Create Table #Target

(ID Varchar(MAX),C1 Varchar(MAX),C2 Varchar(MAX))

Insert INTO #Target

Values

('1','p1','e1'),
('2','p2','e2'),
('3','p1','e2'),
('4','p3','e3'),
('5','p3','e4'),
('6','p4','e4')

ID	C1	C2
1	p1	e1
2	p2	e2
3	p1	e2
4	p3	e3
5	p3	e4
6	p4	e4

The desired output would look something like

ID	C1	C2	GID
1	p1	e1	G1
2	p2	e2	G1
3	p1	e2	G1
4	p3	e3	G2
5	p3	e4	G2
6	p4	e4	G2

When trying to come up with a solution I tried grouping by each column individually like this:

#1 Group By C1 and Assign Unique ID (C1GID) to each Group

#2 Group By C2 and Assign Unique ID (C2GID) to each Group

Now the problem I am having is how to group by C1GID OR C2GID. I don't know how to group rows that share at least one of these column values in common.

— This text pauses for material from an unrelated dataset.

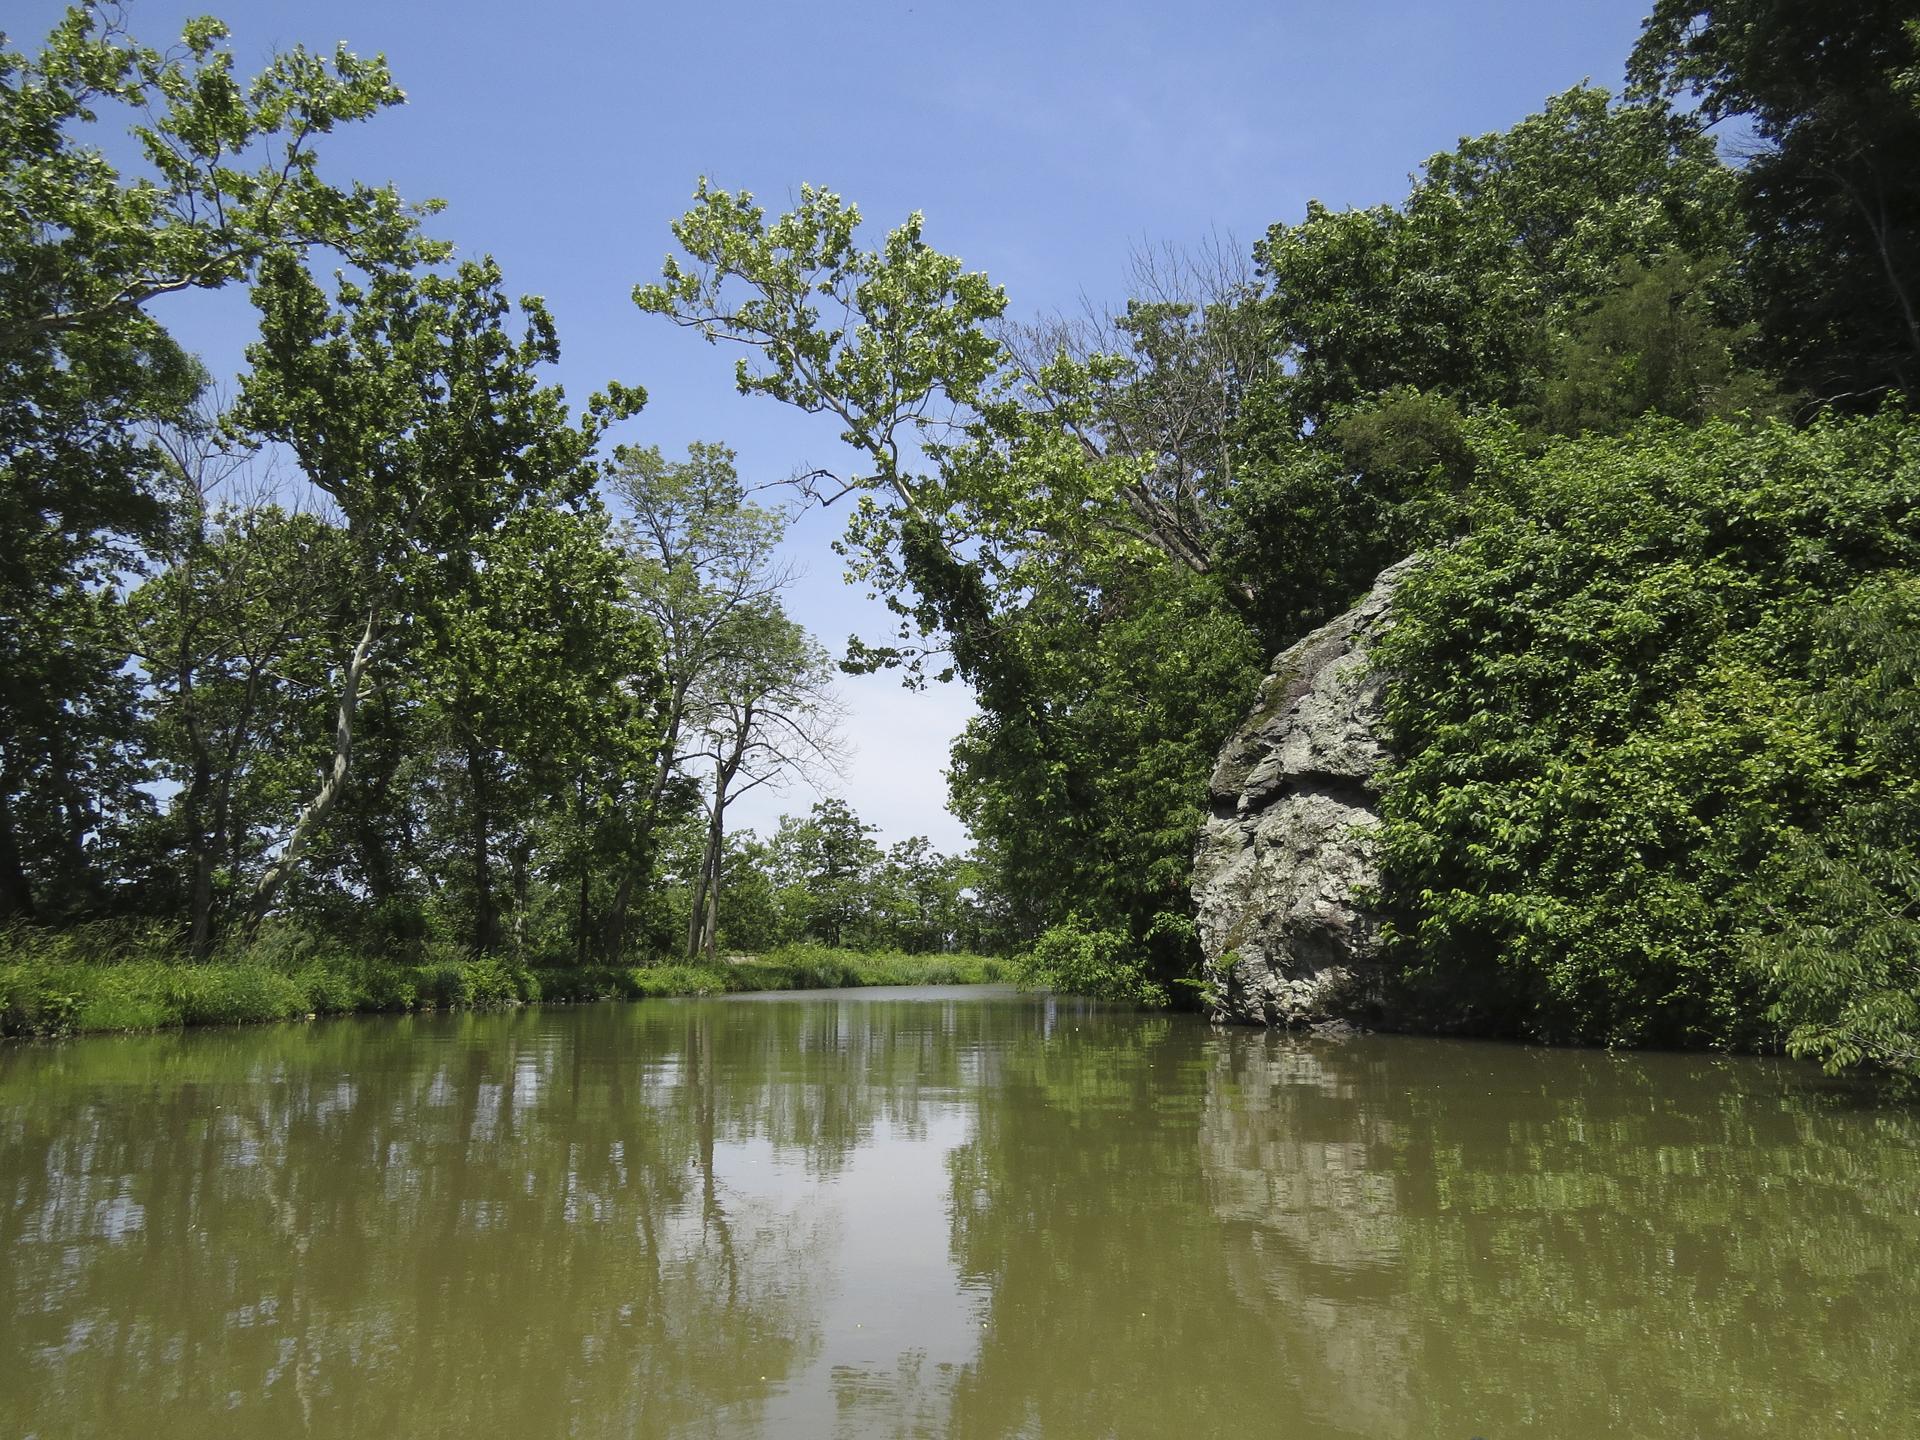 kayaking-maryland-water-nature-outdoors-c&o-canal-potomac-river

Update: I am getting closer. I am able to generate a set of IDs that have a match by at least one of the columns using this

SELECT *, CAST(NULL AS INT) AS ID_To INTO #t FROM ( VALUES ('1','p1','e1'), ('2','p2','e2'), ('3','p1','e2'), ('4','p3','e3'), ('5','p3','e4'), ('6','p4','e4') ) t (ID,C1,C2)

Select ID1, STRING_AGG(ID3, ', ') + ',' + STRING_AGG(ID2, ', ') as Groups
FROM (
    select 
    t1.ID as ID1,
    t1.C1 as t1C1,
    t1.C2 as t1C2,

    t2.ID as ID2,
    t2.C1 as t2C1,
    t2.C2 as t2C2,

    t3.ID as ID3,
    t3.C1 as t3C1,
    t3.C2 as t3C2
    from #t t1
    LEFT JOIN (
        Select * From #t
    ) t2 ON t1.C1 = t2.C1 
    LEFT JOIN (
        Select * From #t
    ) t3 ON t1.C2 = t3.C2
    WHERE t1.C1 = t2.C1 OR t1.C2 = t3.C2
) Groups 
GROUP BY ID1

Image here: Output

I am trying to find a way to re-group these by finding an intersection between the values in the Groups column. For example its clear from the result that 1,2,3 belong together, and 4,5,6 belong together because their groups column has a common ID.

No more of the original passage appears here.